• Task requirements:
Begin at the line holding "The shore of" and set down exactly each line through the last one below, omitting pictures. Include nothing else.

Data shown below:

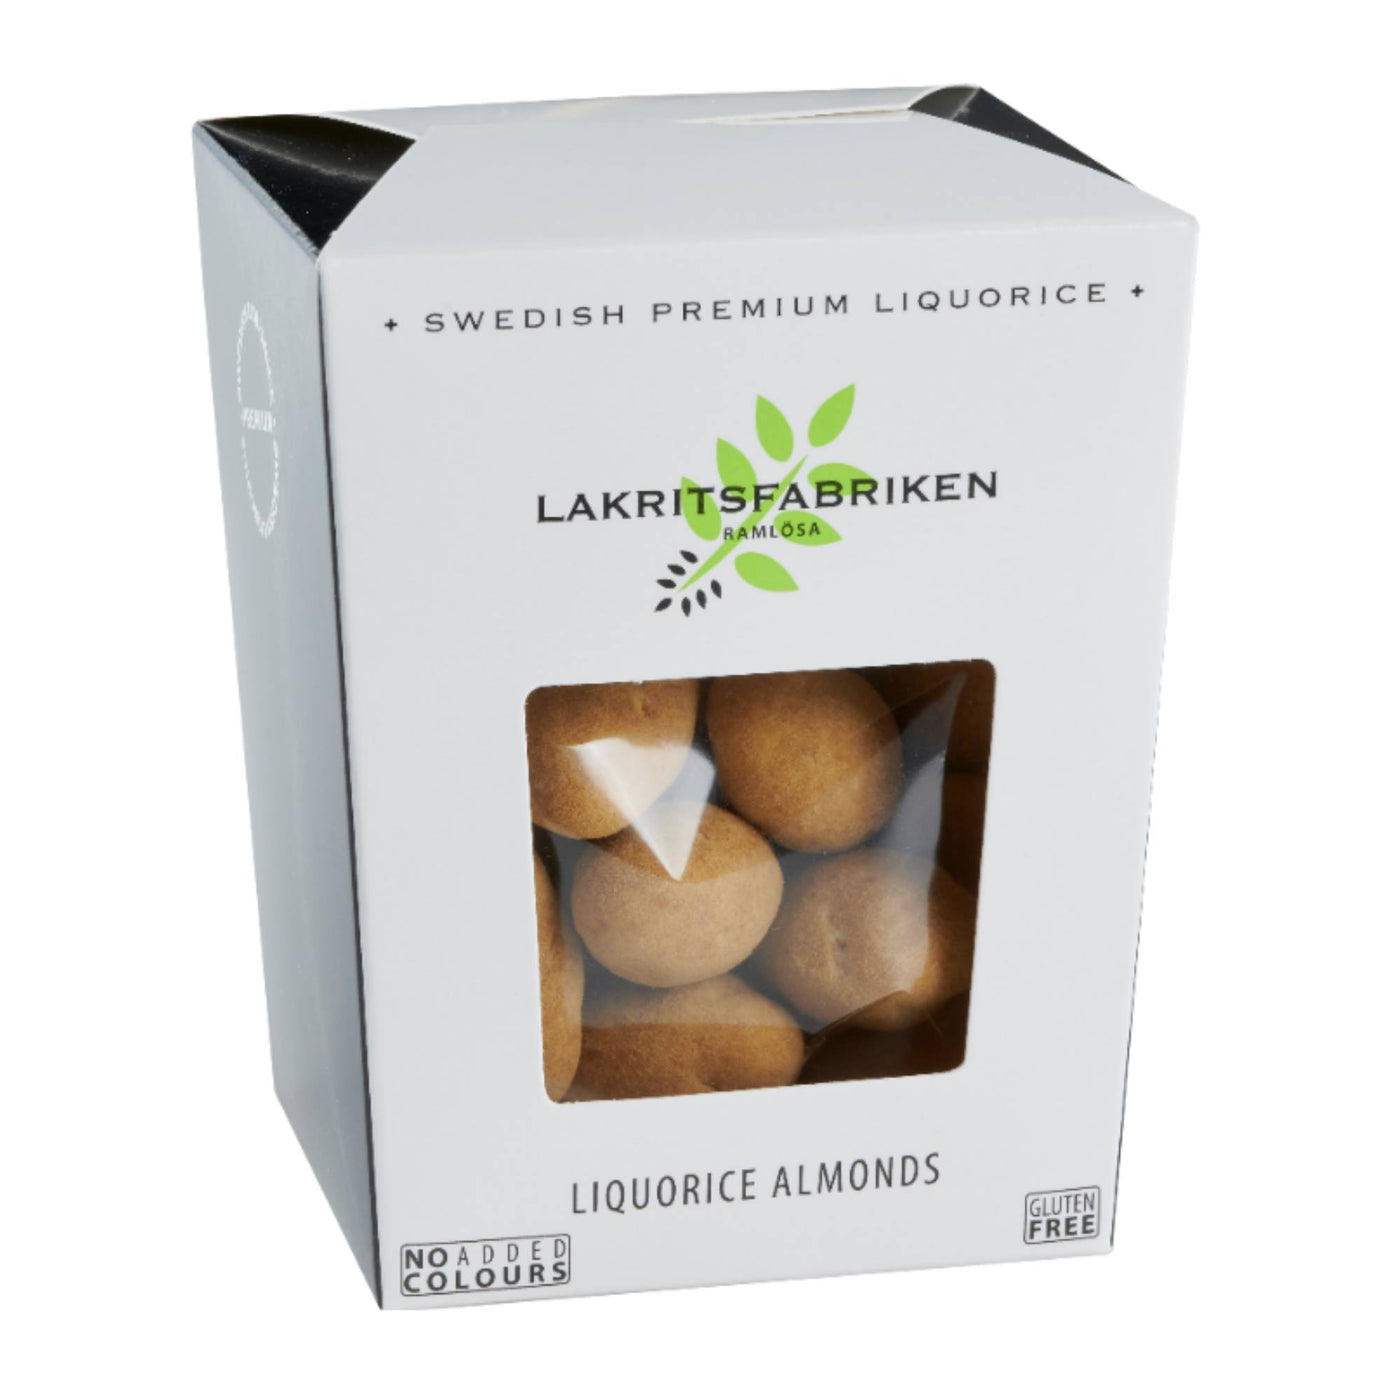 Lakritsfabriken Liquorice Almonds – White Chocolate & Salt Liquorice Powder
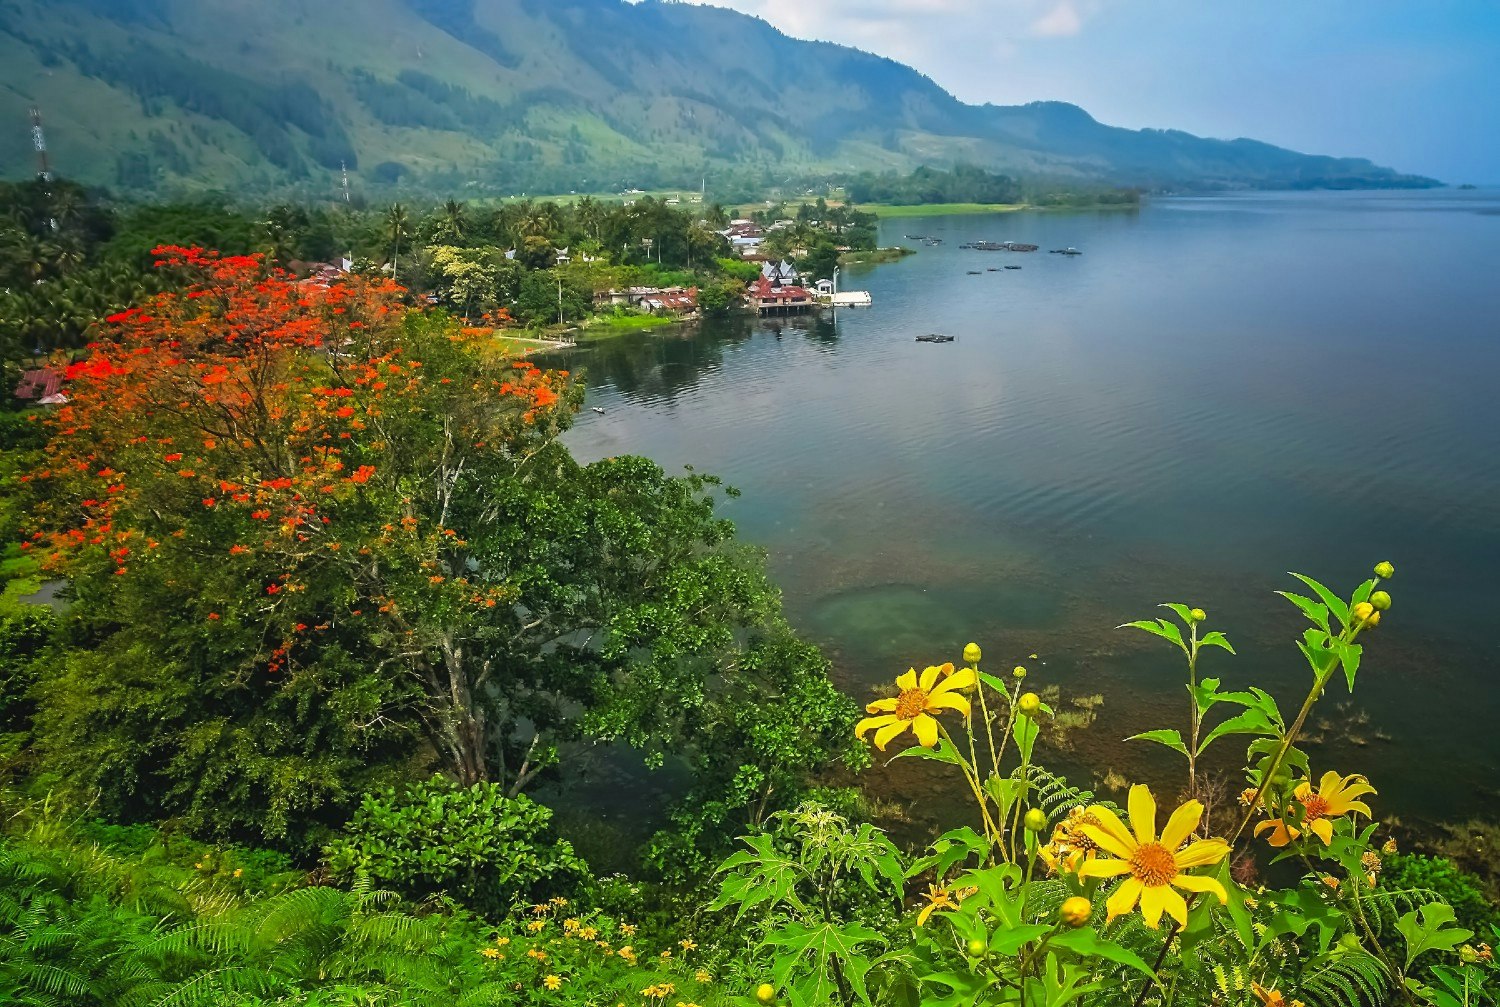 The shore of Lake Toba on the Sumatra Island, Indonesia
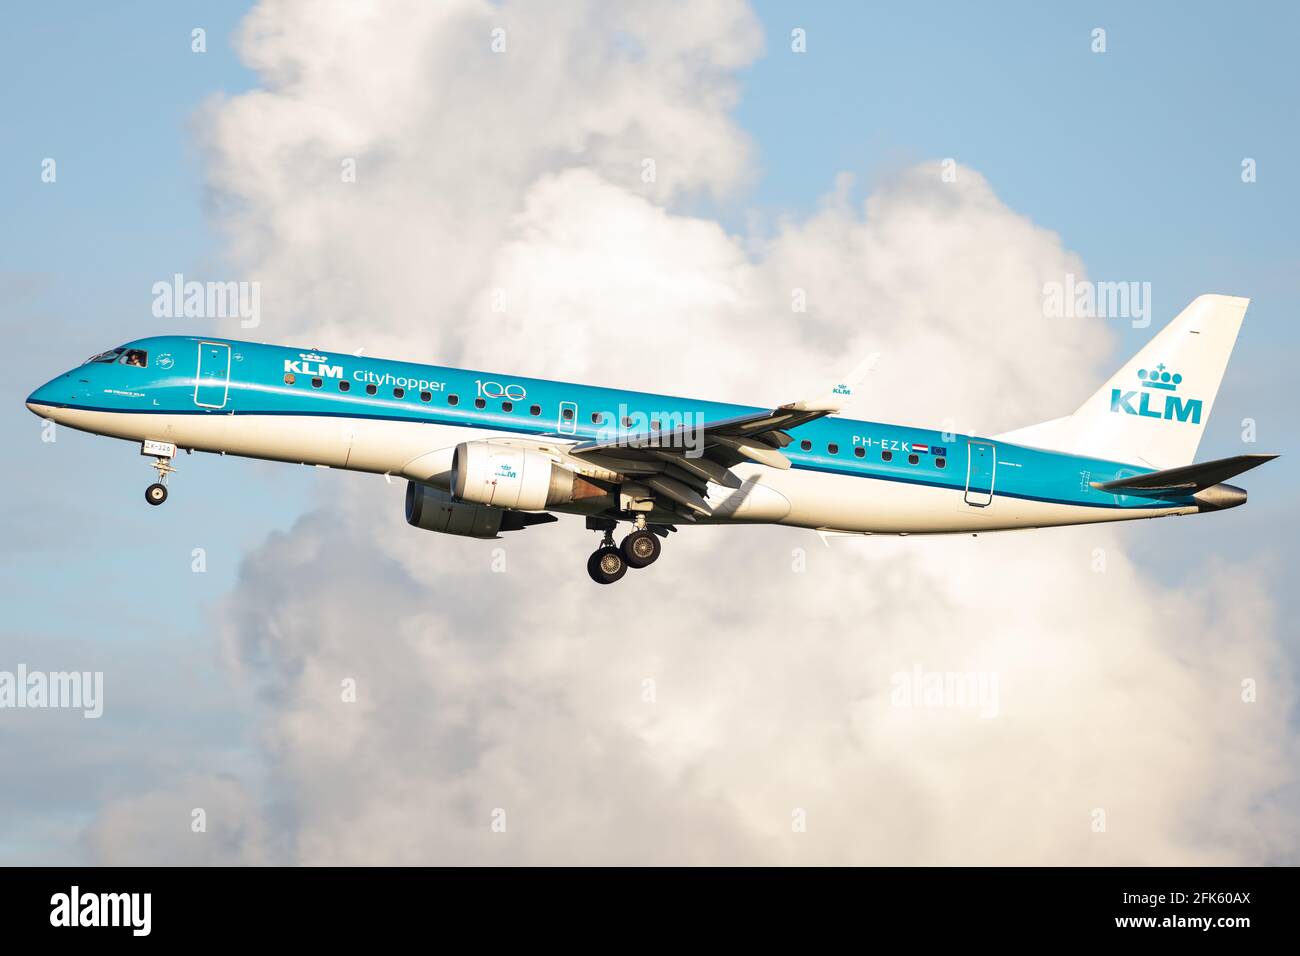 AMSTERDAM, NIEDERLANDE – 12. September 2020: KLM (KL / KLM) nähert sich dem Flughafen Amsterdam Schiphol (EHAM/AMS) mit einem Embraer E190 (PH-EZK/19000326). Stockfoto

End of Data shown.

• Task response:
 The shore of Lake Toba on the Sumatra Island, Indonesia
 AMSTERDAM, NIEDERLANDE – 12. September 2020: KLM (KL / KLM) nähert sich dem Flughafen Amsterdam Schiphol (EHAM/AMS) mit einem Embraer E190 (PH-EZK/19000326). Stockfoto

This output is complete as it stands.